I moved my extended explanation from my question to a real answer. The given problem was to calculate the gradient of overlap integrals. Thanks to Erik Kjellgren I noticed that I am looking at the false problem.

So far I have calculated derivatives for cartesian coordinates. This is possible but not very helpful in case I want to have gradient for geometry optimizations. I can use a bit from my previous work with

$$ \frac{\partial}{\partial R_i}\varphi ({\bf r}; \zeta, {\bf n}, {\bf R}) = - \frac{\partial}{\partial r_i}\varphi ({\bf r}; \zeta, {\bf n}, {\bf R}) $$

and get

$$ \frac{\partial}{\partial A_i} (a || b) = 2\zeta_a ( a + {\bf 1}_i || b ) - \sum^{l_a}_{j=1} \delta_{ij}( a - {\bf 1}_j || b ). $$

This is the exactly same as in Erik Kjellgren’s answer. If I use the Obara–Saika recurrsion formula on the expression above I get the following formula.

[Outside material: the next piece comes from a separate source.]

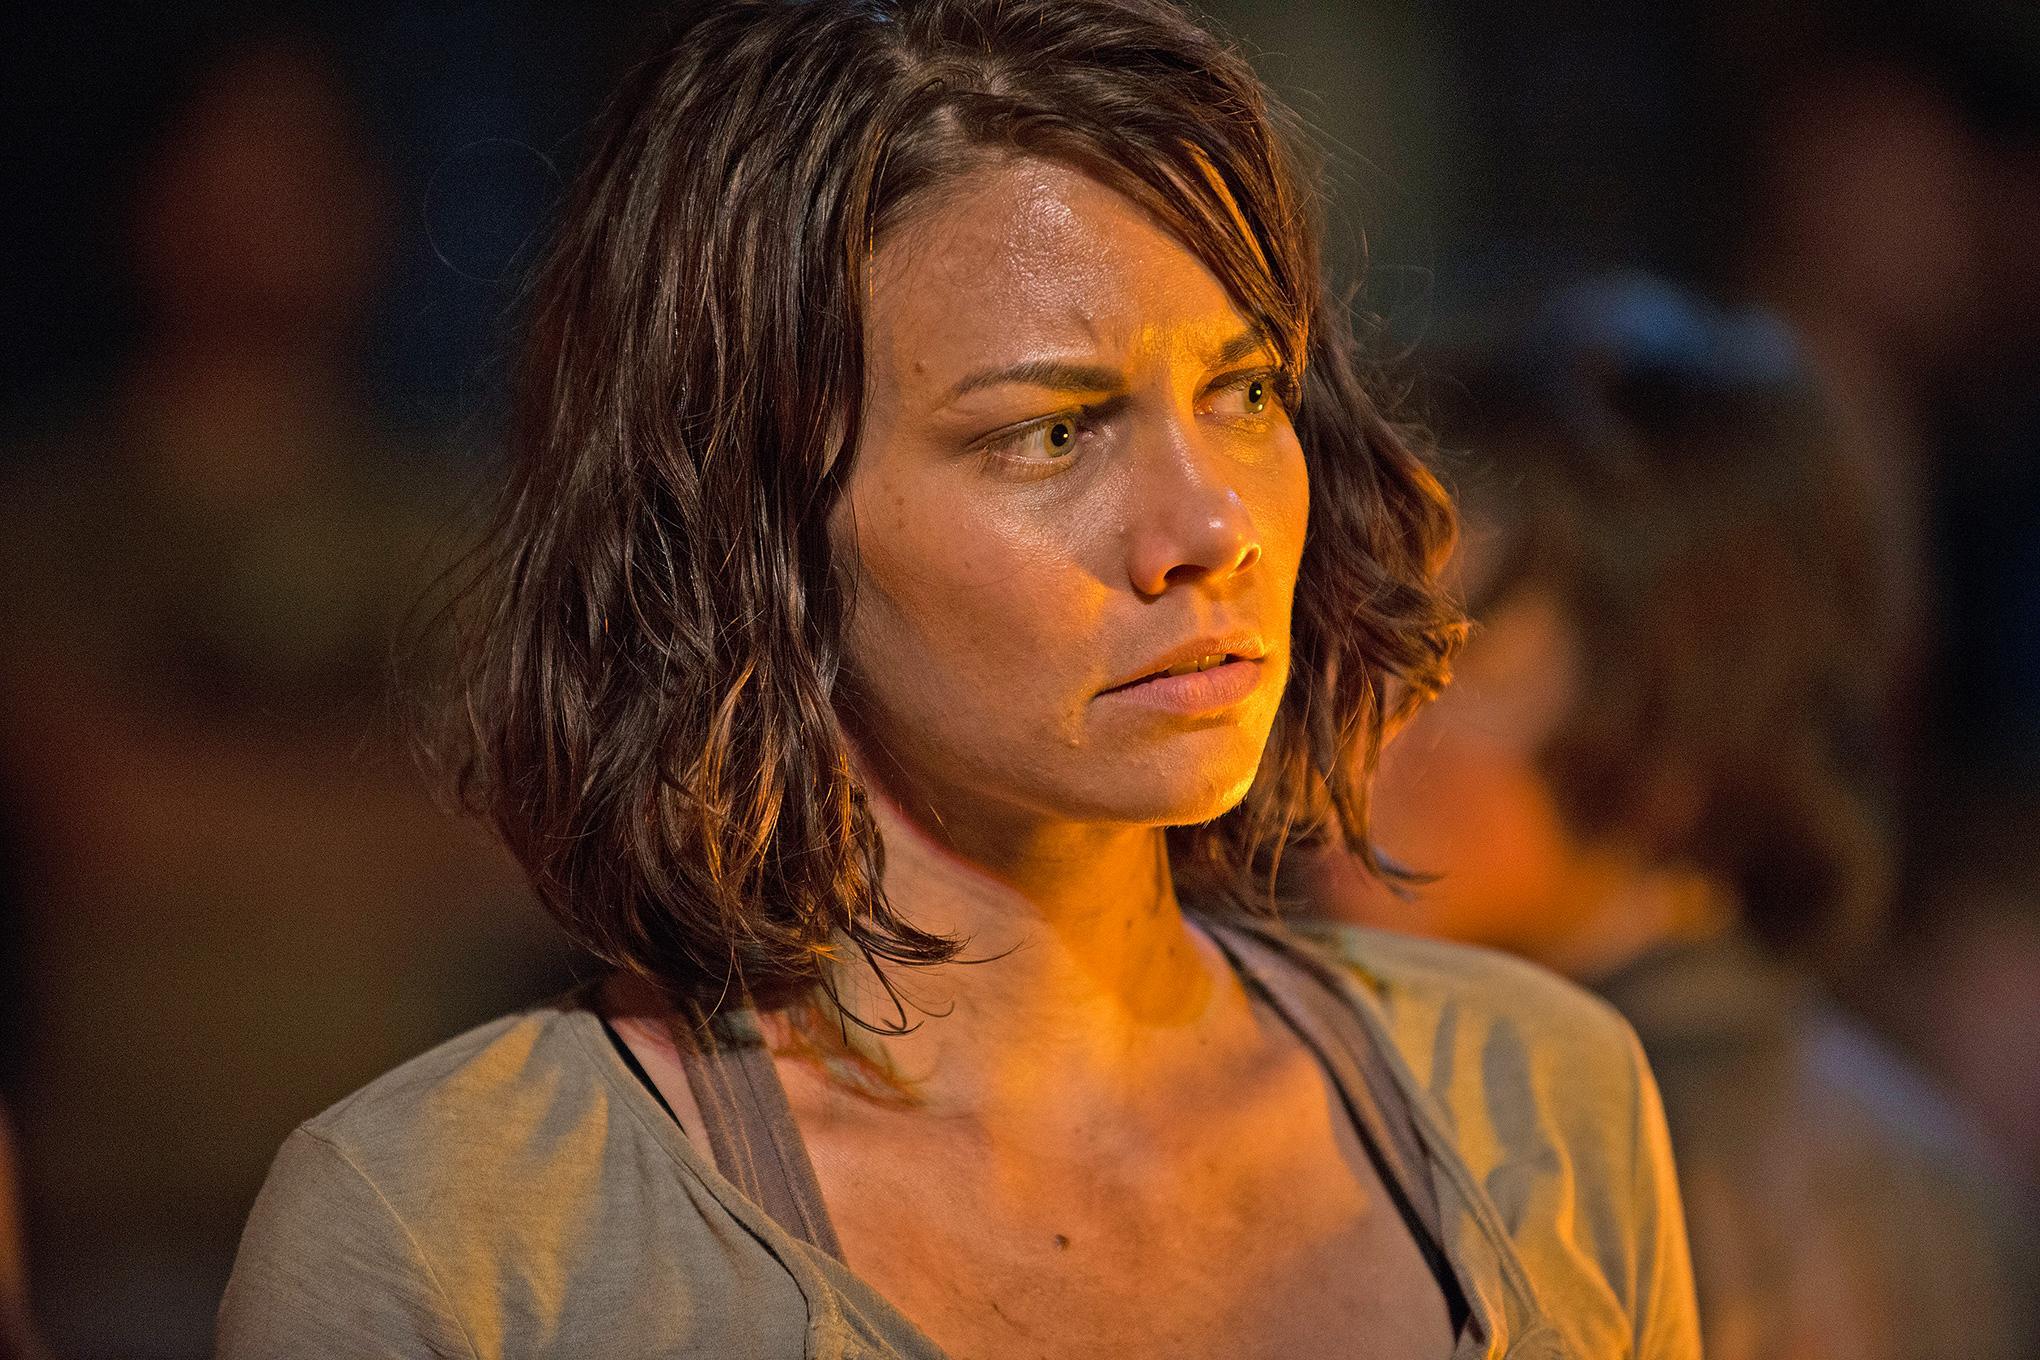 The Walking Deads Lauren Cohan Id Rather Have The Validation Of 2397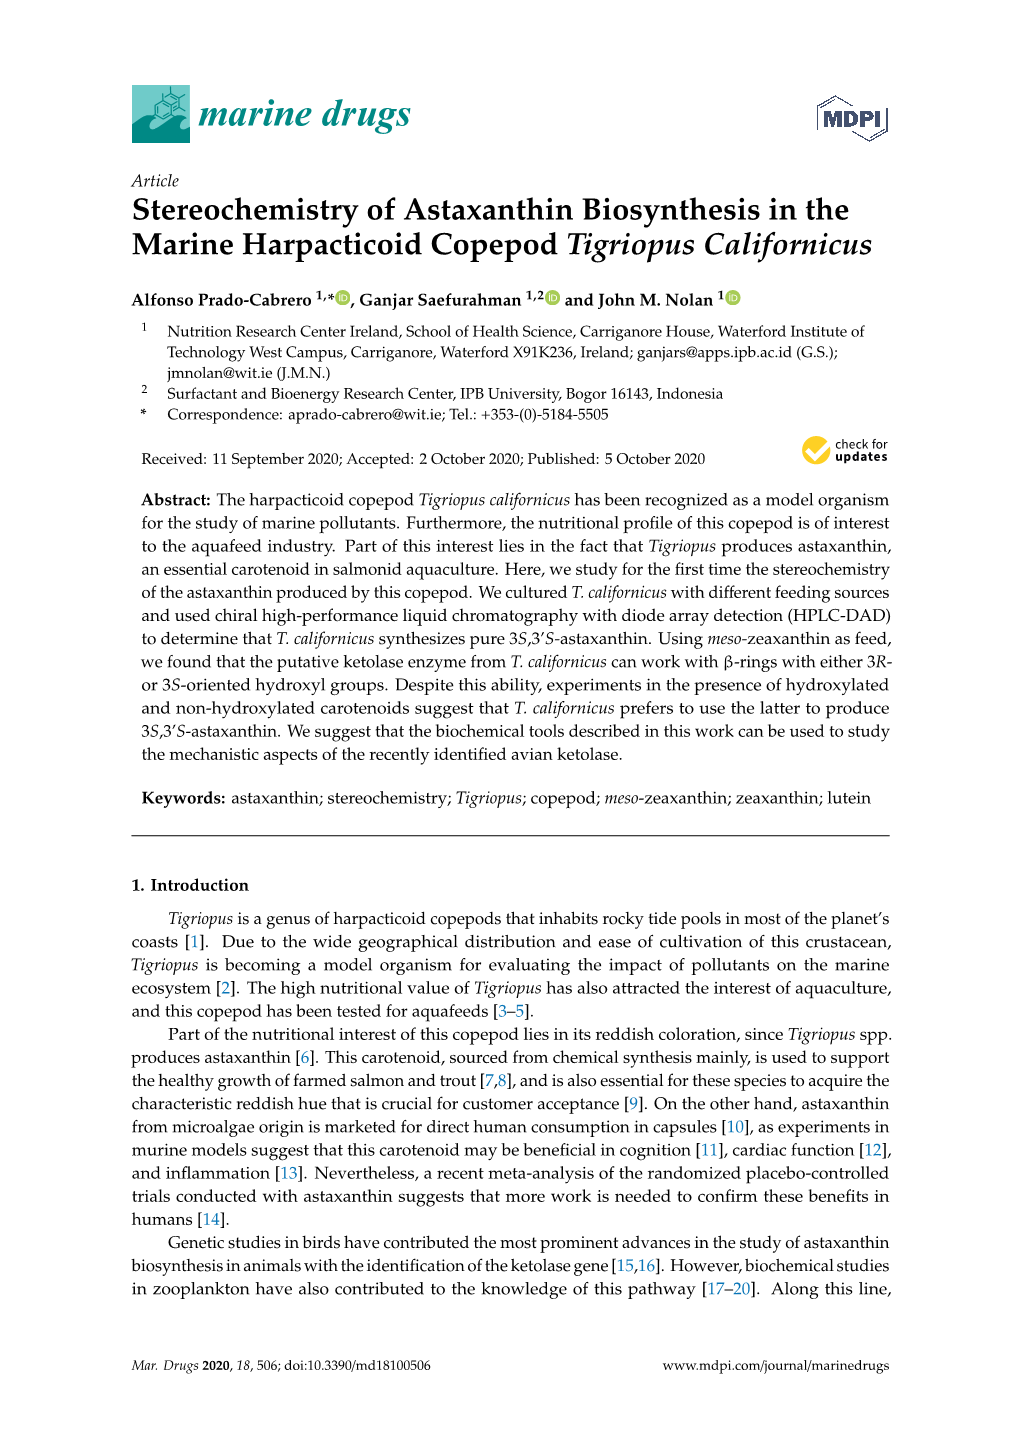 Stereochemistry of Astaxanthin Biosynthesis in the Marine Harpacticoid Copepod Tigriopus Californicus

$$ \frac{\partial}{\partial A_i} (a || b) = 2\zeta_a \Bigl( (P_i-A_i)(a||b) + \sum^{l_a}_{j=1} \delta_{ij}\frac 1{2\zeta}( a - {\bf 1}_j || b ) + \sum^{l_b}_{k=1} \delta_{ik}\frac 1{2\zeta}( a || b - {\bf 1}_k ) \Bigr) - \sum^{l_a}_{j=1} \delta_{ij}( a - {\bf 1}_j || b ) $$

From here on I cannot go any further. The equation I have derived now does not look easy anymore, but I think it is fine, all intermediates are available from the calculation of the overlap integral itself, so I don’t need any additional expensive calculations.